Already we are ceasing to read the classics. The Latin and Greek quotation has passed from the leading article and the debate in Parliament. The past is being rapidly immersed in the ever-widening flood of modern literature. The past and present are always at war with one another. China has produced no poetry for two thousand years. “There is already,” they say, “so immense a collection of excellent work that it would be a folly to attempt to add to it.” In China the past has stifled and killed the present. Here in the western world we are busy making an end of Greece and Rome. Will anyone be reading Virgil in the nineteen-eighties? And of Shakespeare as of Virgil.

We are always asking ourselves, “Who will be reading what in 1980?” We have always in our minds that unborn generation that we would influence and address. But either way, does it matter very much? These buildings of ours, these restaurants, and shops, and cinemas, that we are flinging up on all sides of us so recklessly, so haphazardly for purposes of convenience and display, they will speak of us far more distinctly to the men and women of the twenty-second century than these poems and plays and pictures, this music and these novels that we are producing in such profusion.

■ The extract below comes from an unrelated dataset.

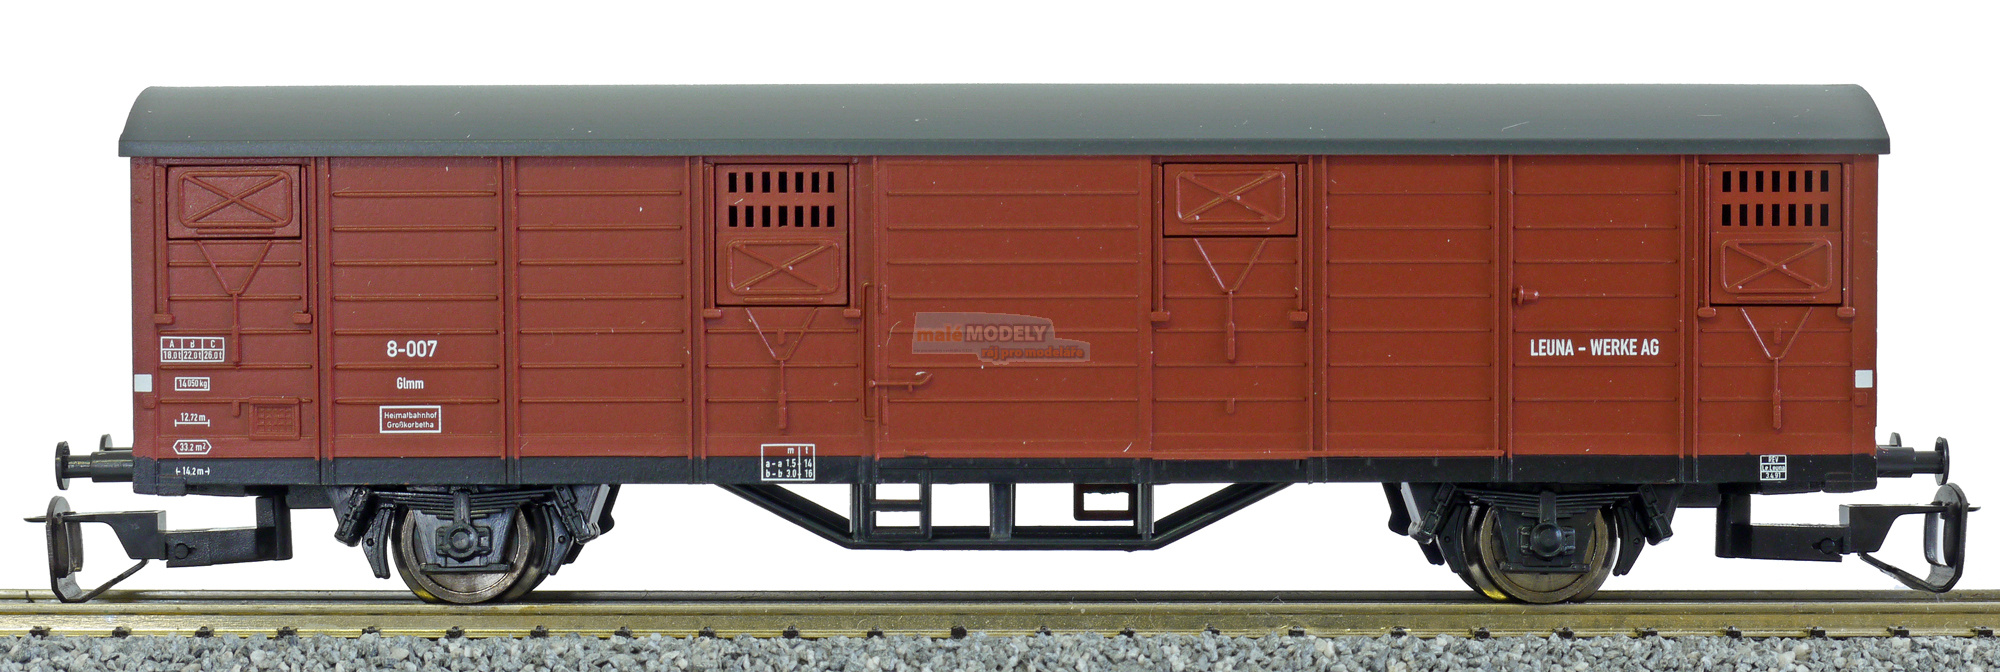 Krytý nákladní vůz červenohnědý s tmavě šedou střechou Leuna

Contemporary political thought, and its resulting bills and measures and defences, will be as obsolete as is to-day the policy of Gladstone. Our points of issue in religion and morality will doubtless be the occasion for music-hall derision. But our buildings will be there; and as, to the majority of us to-day, the sense of Augustan repose and polish and formality is most easily suggested by the rectangular windows and low lines of London squares; and as the vulgarity, and the pretentiousness, solemnity, and solidity that were the worst characteristics of the Early Victorian age are forced continually on our attention by the elaborate porticos and columns, the theatricality of over-decoration that obscure for us so much that was at that time excellent and that make us exclaim contemptuously, “How typically Victorian,” so shall we too in our turn be judged.

As I am carried on the top deck of a bus down Oxford Street, and see at the end of that avenue of brightly decorated windows the majestic façade of Peter Robinson’s emporium, and consider how it dwarfs the circus it surveys, and when I see from the top of Regent Street, far down beyond the jagged row of roofs and chimney stacks, the lovely low-roofed curve that the demands of utility are busy condemning as a piece of unserviceable decoration, I grow a little wistful, not so much because a beautiful thing is being taken from us, but out of a distrust as to what manner of buildings will take its place. I look nervously into the future. I see a young man, his coat and waistcoat flowered with the brocade of early twenty-second century fashion, passing here in whatever means of locomotion the young blood of that period elects to honour. I see his eye resting contemptuously on this jagged mosaic of ill-assortment. “They made that mess,” he will say to his companion, “in the beginning of the twentieth century.” I am afraid that of the Georgian poets and novelists he will be as ignorant as the majority of us are to-day of the obscure contemporaries of Wordsworth; that he will find a history of our political practices as tedious and as corrupt as those of the other periods with which he has had to acquaint himself for the satisfaction of his university examiners. He will be merely interested, casually, in his spare time in the form life took in 1923 for the average man and woman, and, as he will have inherited from us the amiable quality of laziness, he will favour the short cut; he will be content to contemplate, to absorb the atmosphere of our public buildings, and I am more than a little afraid that, as he passes through Regent Street to Oxford Circus, he will shudder, as we do when we wake from a bad dream, with the shudder that becomes a smile, with the slow reassurance through familiar objects of an averted evil. And he will laugh and point to the façade of Peter Robinson’s, “Typical Twentieth Century!”